From 2010 to 2015, Satinsky worked at Threewalls as associate director, where she edited two editions of Phonebook, in 2011 and 2015 (a national directory of artist-run spaces and projects). During this time she cofounded the Hand-in-Glove conference with Shannon R. Stratton, Bryce Dwyer and Elizabeth Chodos, and was one of the cofounders of Common Field, national initiatives on advocacy for small to mid-size nonprofits and grassroots artist projects, and Community Supported Art, a program to sell affordable artist editions modeled after community-supported agriculture.

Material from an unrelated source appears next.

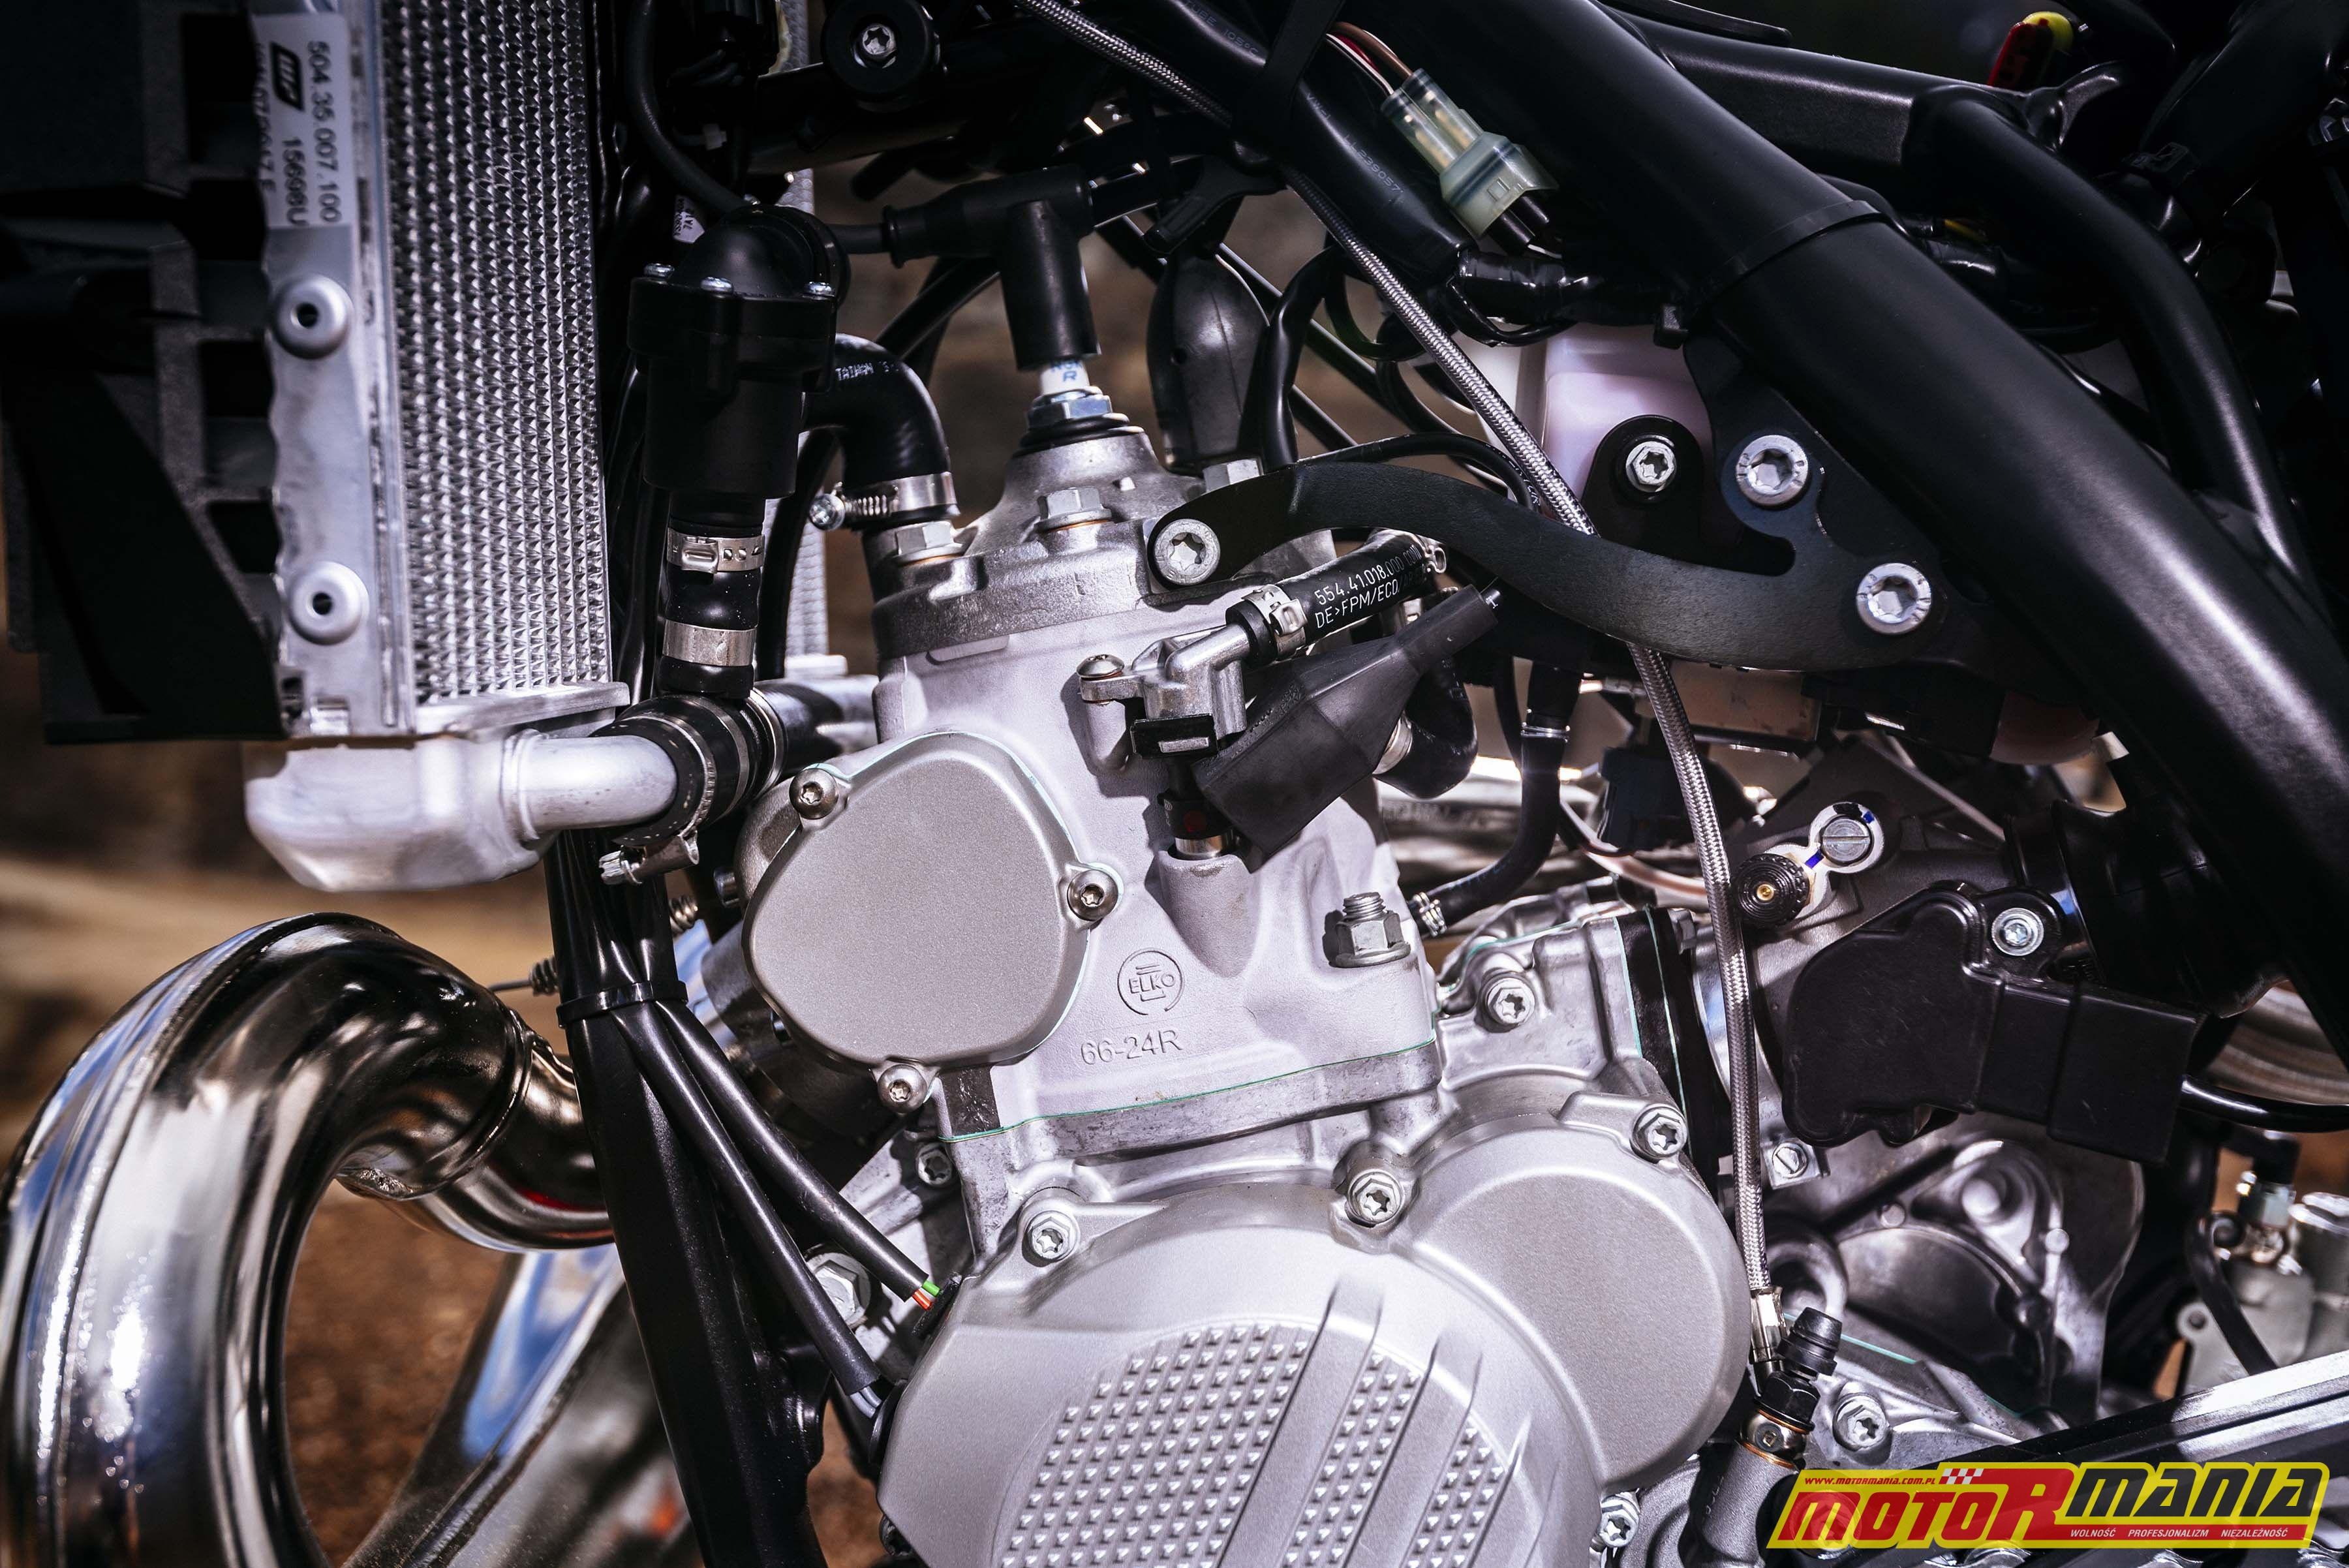 KTM 250 300 EXC TPI dwusuw z wtryskiem 2018 (8)

Satinsky has worked with artists on solo exhibitions and projects while associate director at Threewalls, including Brandon Alvendia, Irina Botea (nominated for best time-based format by the International Association for Art Critics in 2014), Harold Mendez, Seth Kim-Cohen, Jaime Davidovich (with Daniel Quiles), Latham Zearfoss, ACRE TV, Rozalinda Borcila, Brian Holmes, Ashley Hunt, Taisha Paggett, Faith Wilding, and Mary Patten. She organized more than 100 programs over her time there which included artists and scholars Fred Moten, e-flux library, Laurie Palmer, Lane Relyea, Mary Jane Jacob, Daniel Joseph Martinez, and Michael Brenson. She also co-organized MDW Fair, an independent art fair showcasing Midwest artists and space.

She has taught on socially engaged art and curatorial practice at University of Illinois at Chicago, the School of the Art Institute of Chicago, Moore College of Art and Design and Tyler School of Art at Temple University. She is curator of exhibitions and programs at the School of the Museum of Fine Arts at Tufts University.

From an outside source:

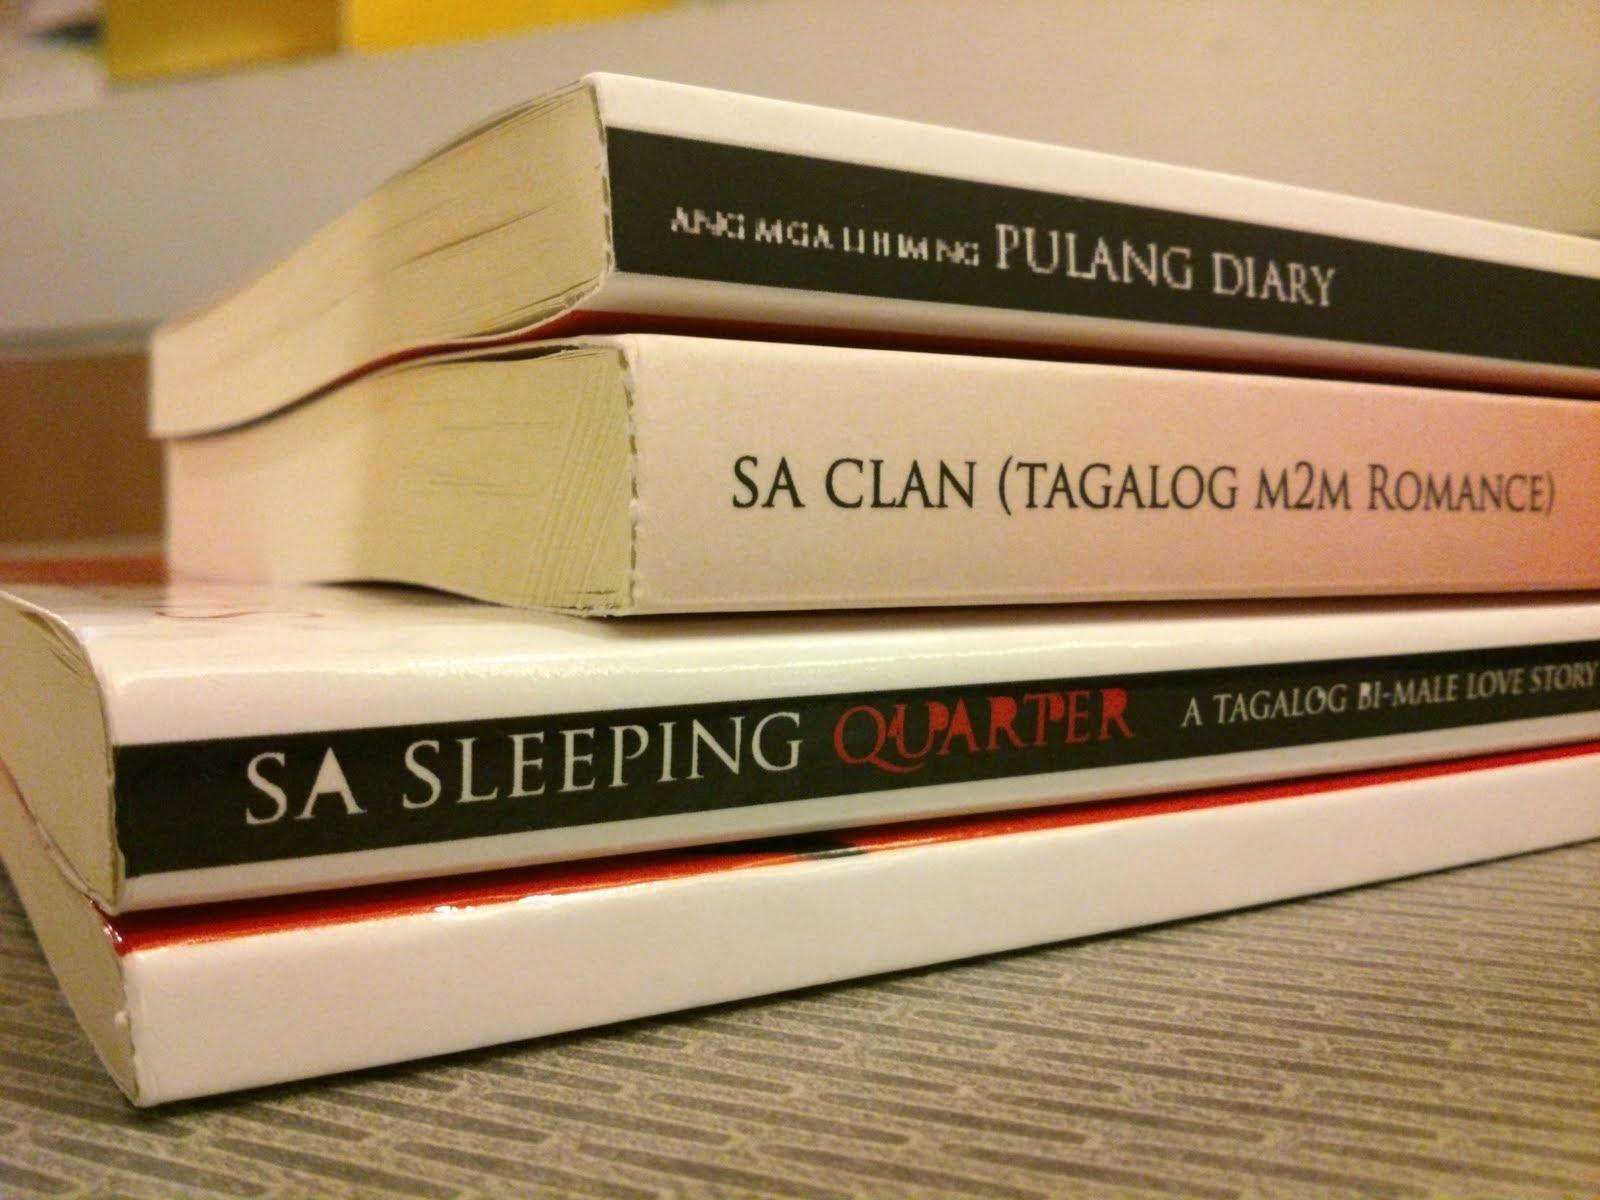 Pre-Order Tagalog M2M Printed Books

== Selected exhibitions and projects ==

- Radio Silence (2017-2018) (producer) with artist Michael Rakowitz and curator Liz Thomas with Mural Arts Philadelphia, a seven-episode radio broadcast and large-scale performance on Independence Mall in Philadelphia.
- Meadow Mansions (2016), an exhibit featuring the 18th century Mount Pleasant mansion in Fairmount Park. The group exhibition was commissioned by Fairmount Park Conservancy, Philadelphia Parks and Recreation, Audubon Pennsylvania, and the Philadelphia Museum of Art, and funded by ArtPlace with Design.
- A Modest Occupation (2013), The Luminary in St. Louis, MO, Transformer Gallery in Washington DC and Threewalls in Chicago.

== Publishing ==
In 2014 Satinsky edited the book, Support Networks, part of the Chicago Social Practice History series (edited by Mary Jane Jacob and Kate Zeller in the Department of Exhibitions and Exhibition Studies at the School of the Art Institute of Chicago). She has published essays and articles on online platforms such as Art Practical and Temporary Art Review, and for organizations such as Open Engagement. She is a regular contributor to the Bad at Sports podcast and her writing has appeared in the Journal of Aesthetics and Protest, AREA Chicago, and Proximity Magazine. She contributed to podcast conversations with Bad at Sports which were collected in two edited volumes, Say It While You Still Mean It: Conversations on Art and Practice, Volumes 1 and 2, published by Open Engagement in Print. She was editor of the book Support Networks, published by the School of the Art Institute of Chicago and University of Chicago Press, which chronicles socially engaged art in Chicago over the last one hundred years.

Satinsky has also co-authored essays and blog posts on the subject of socially-engaged art with partner Anthony Romero.

==Awards==
She was a fellow, John Nicholas Brown Center, Brown University, Providence, RI.

In 2016, she received the Art Journal Award for distinguished writing from College Art Association for her essay "Movement Building for Beginners".